Reply:

We thank Sherif and Plenk for their careful reading of our work and thoughtful comments. They gave us an occasion to read more recent material from their laboratory, which unfortunately could not be included in our review, which was limited to 1961–2008. We are also grateful to have the opportunity to elaborate on our thoughts and opinions, unhampered by the obligation of reserve and objectivity essential to a systematic review.

We do not believe (and never wrote) that “the lack of correlation between angiographic and pathohistologic results is a major limitation to the validity of experimental aneurysm studies” as the writers of this letter suggest. These discrepancies were reported by other authors (some in collaboration with the writers of the letter) working with the venous pouch rabbit aneurysm model, as an insightful discovery of the model; this has nothing to do with and does not question the validity of models in general. As we understand it, those authors were simply stating that angiographic evaluation of results was less reliable than microscopic examination of specimens. Furthermore, the items included in Table 4 were never meant to be “a critique of the rabbit venous-pouch bifurcation model,” as the commentators believe, but a selection of key characteristics extracted, as faithfully and objectively as possible, from source articles on the various published models. Similarly, the drawbacks of the rabbit model, such as a lower aneurysm patency rate and higher morbidity, were reported as they appeared in the literature; at the time of our writing, we could not include the progress report of still unpublished work on the rabbit model from the present commentators.

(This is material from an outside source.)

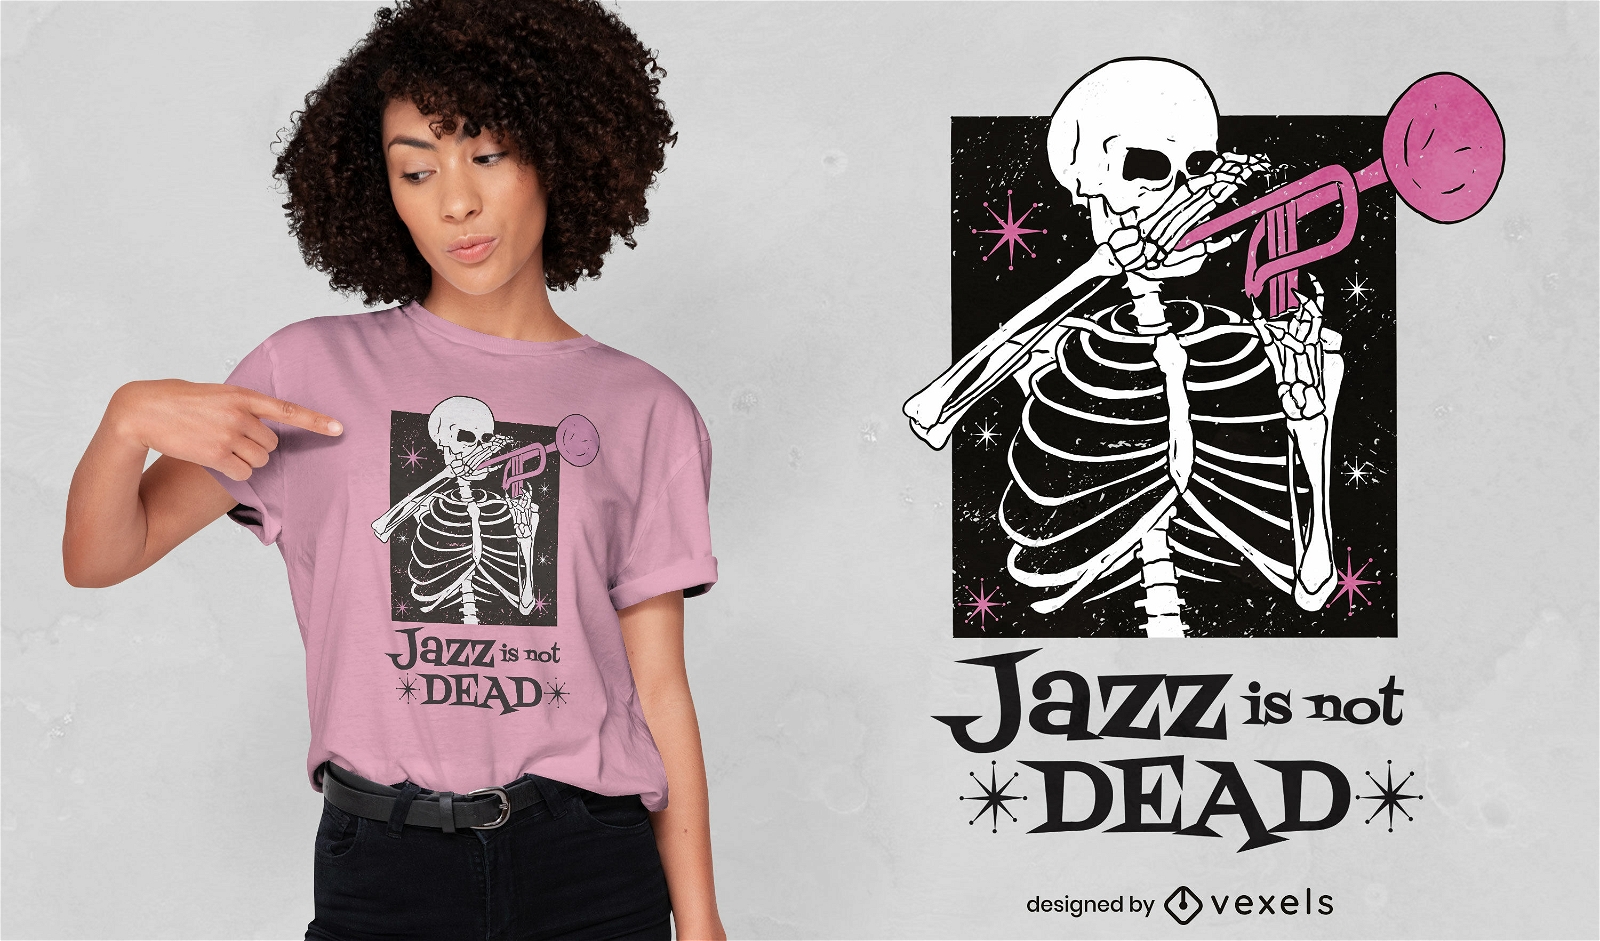 Jazz is not dead t-shirt design

There are many limitations to systematic reviews, 1 being the imperfect selection of articles, presumably relevant to the research question. Our failure to include their 2006 article¹ in the meta-analysis was perhaps a result of the chosen title, which suggested that the topic was a computer-quantification method, not an evaluation of animal models per se. Another limitation of systematic reviews, of course, is the impossibility of accurately summarizing hundreds of heterogeneous articles, each focusing on various topics, in a short article.

It seems possible to gain precision by using computerized quantification, as suggested by Sherif et al,¹ but only to the extent that expectations do not surpass physical constraints, such as the attenuation of platinum not allowing x-rays to penetrate a coil mass. We welcome any improvement in research methods and thank the authors for proposing new, perhaps more precise quantification methods of angiographic results. Time and experience (beyond 8 animals from 1 team) will tell how helpful such methods may prove to be. However, improved precision, no matter how welcome, is not our main concern with animal models. Too often animal models are used as tools specifically designed to meet marketing tactics or to please arbitrary bureaucratic requirements. In the long run, this cannot but undermine the credibility of experimental animal work.

We certainly believe in the importance of animal models to explore hypotheses and to prevent the premature introduction of new intravascular devices for the care of human beings. However, our main concern with animal experiments is not their validity but their interpretation. Attempts to make them say and conclude more than what they are entitled to are all too frequent. The description of certain pathologic features, such as “endothelialization” of devices or “increased fibrosis,” are too hastily interpreted as signs of “improved healing,” while no one has proved that such “meanings” are reliable indicators of better outcomes for our patients.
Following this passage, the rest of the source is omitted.